In this article, I aim to explore the concept of amnesia in history: how people forget or are made to forget some aspects of the past and remember others. It has been much discussed in recent years. JasanoffHiggins, and Smith and Grey are good examples in the context of a critique of British imperialism; Clarke and Wilson in the context of Scottish nationalism. To do this, I will look at David Blight’s 2001 book Race and Reunion: the Civil War in American Memory. Blight’s text examines how Americans came to terms with the American Civil War, and what part amnesia played in their deliberations.


Image: The 2001 edition dust cover image for David W. Blight’s Race and Reunion. In the background the top image of an extract of a document in handwritten text fades into the bottom image of a rural setting, all in sepia tone. The text in the image reads Race and Reuinion in brown lettering, within the subtitle The Civil War in American Memory in white below this.

At the end of the war, the dominant narrative was emancipationist: the North wanted to end slavery, the South resisted and attempted to secede by armed force, but the North won. At the same time, however, everyone had to come to terms with the vast numbers of the war dead, which required a different narrative. The Civil War killed almost as many Americans as all America’s foreign wars put together (64). Rage mingled with grief. It is striking how little rage North and South directed towards each other. The North aimed its rage at Britain (which Blight does not describe), to the point of threatening war (Bingham 2005). Southern rage was directed at the newly freed slaves. Armed vigilantes, the Ku Klux Klan, terrorised African-Americans in a sustained campaign to ensure that they remained effectively disenfranchised. Washington and the North chose to turn a blind eye. By the century’s end, it was estimated that 60,000 African-Americans had been lynched (64). This was more than the dead on both sides at Gettysburg.

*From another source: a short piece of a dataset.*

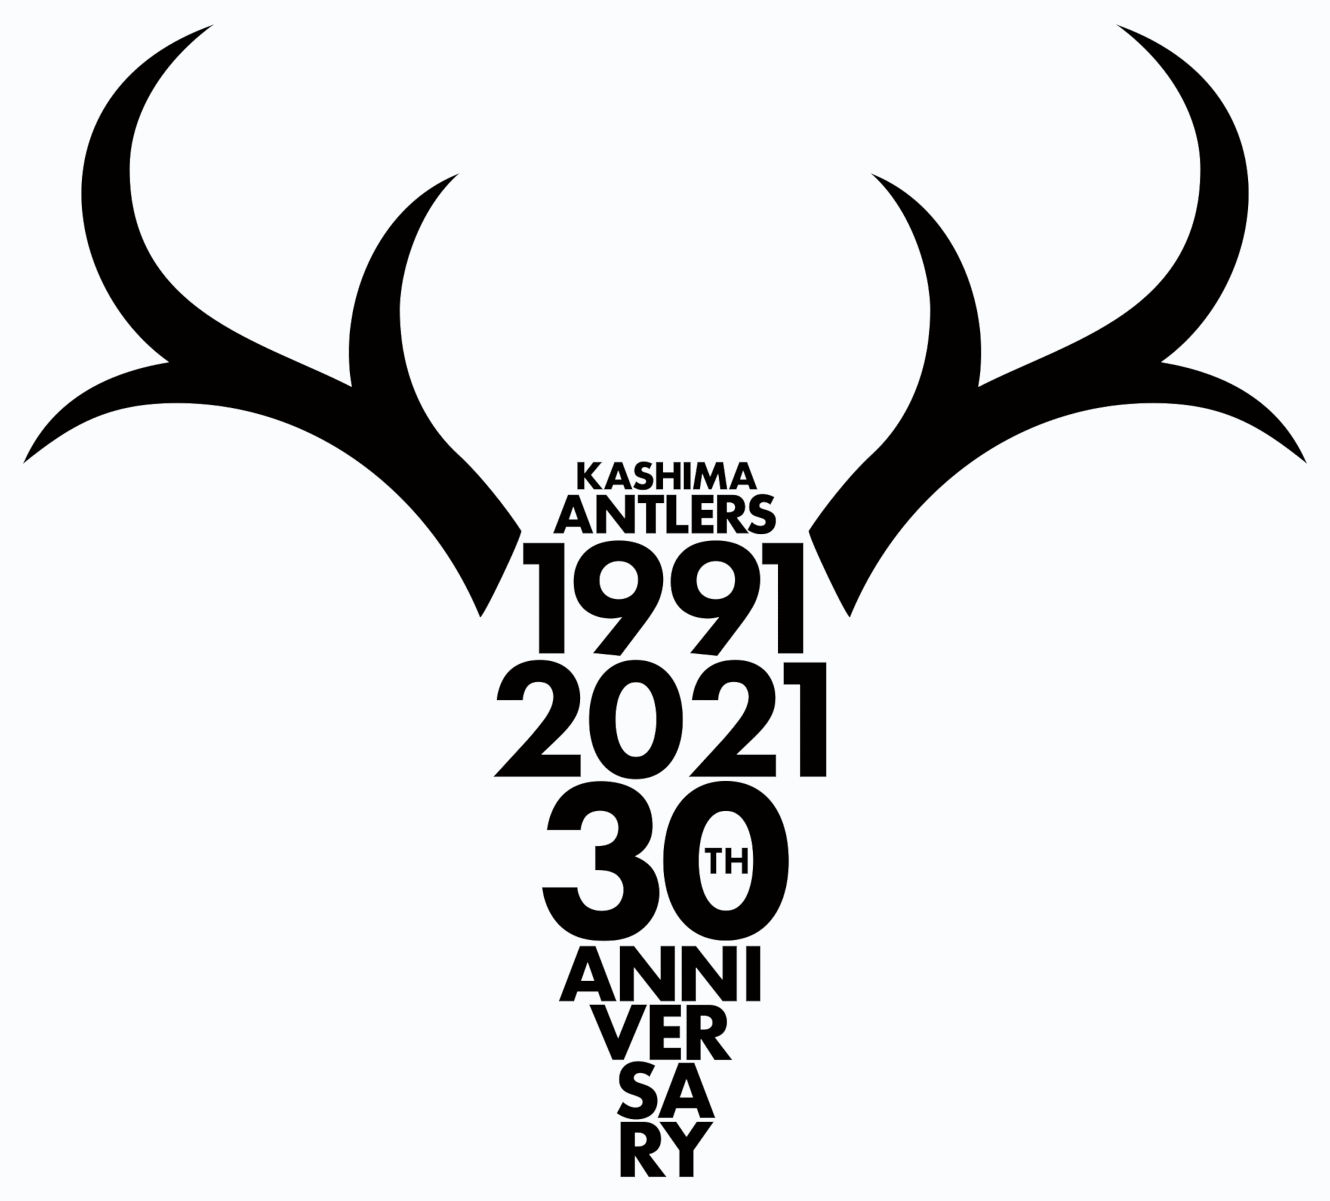 鹿島アントラーズ クラブ創設30周年記念ロゴほか 注目のデザインの裏側 ブレーンデジタル版
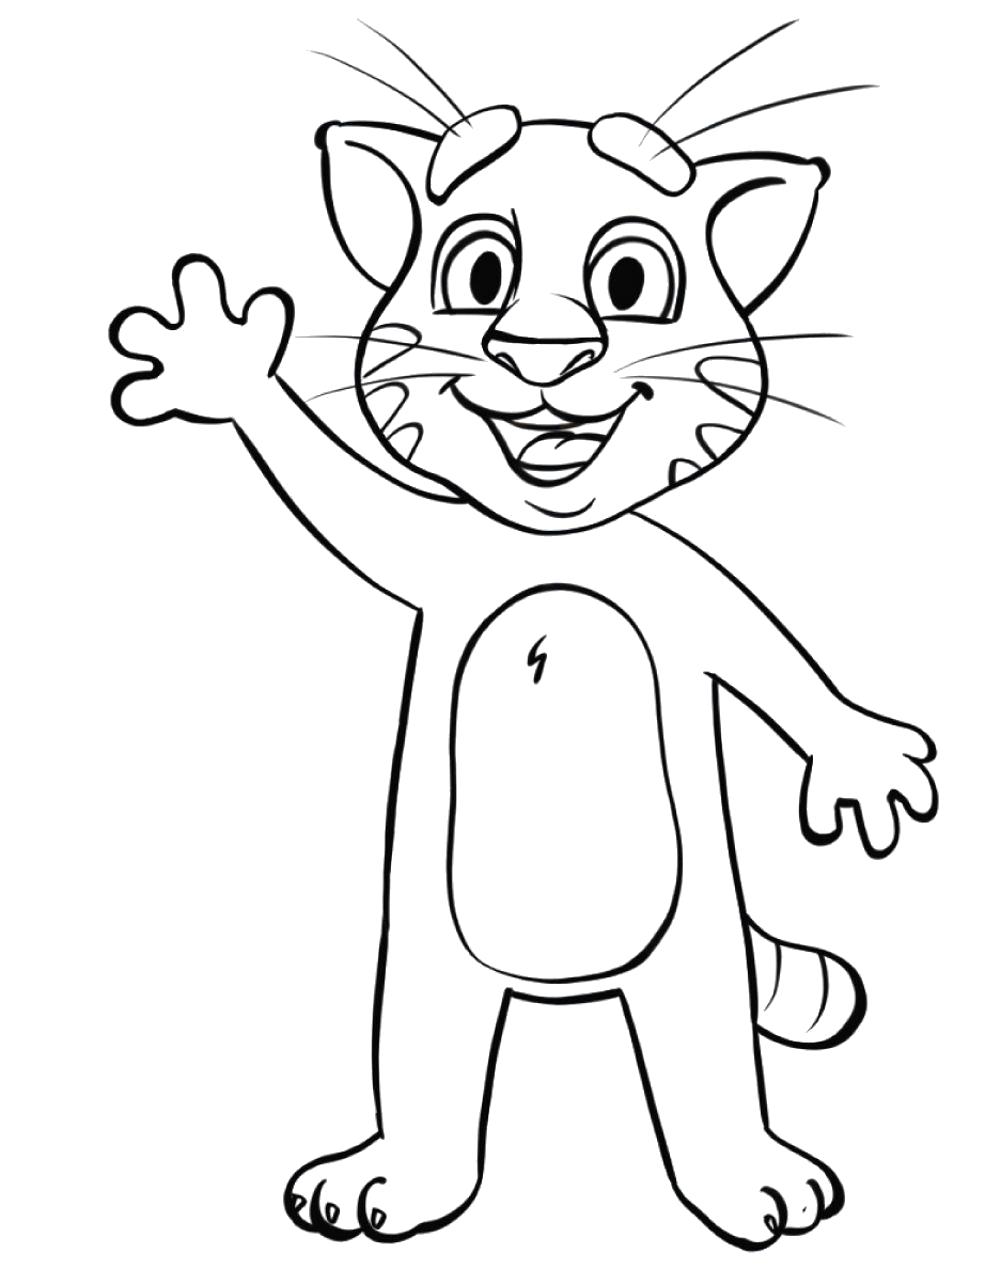 Раскраска  Говорящий Кот Том. Домашние животные

The basic problem in the wartime North was that there was no settled political purpose: was the war to restore the union, or to free the slaves (366)? Lincoln was able to navigate the shoals and rapids of Northern politics to achieve coherent goals, but by the war’s end Lincoln was dead. His less able successors implemented Reconstruction (the political extirpation of the Confederacy), but enforced it indifferently. They wanted to reforge the union at all costs, so the reconciliationist narrative came into being.

The task was harrowing: how to make the logic of sectional reconciliation compatible with the logic of emancipation, how to square black freedom… with a cause… that had lost almost everything except its unbroken belief in white supremacy. Such an effort required both remembering and forgetting.

Blight, David (2001). Race and Reunion: the Civil War in American Memory. Cambridge, MA: Harvard University Press (31).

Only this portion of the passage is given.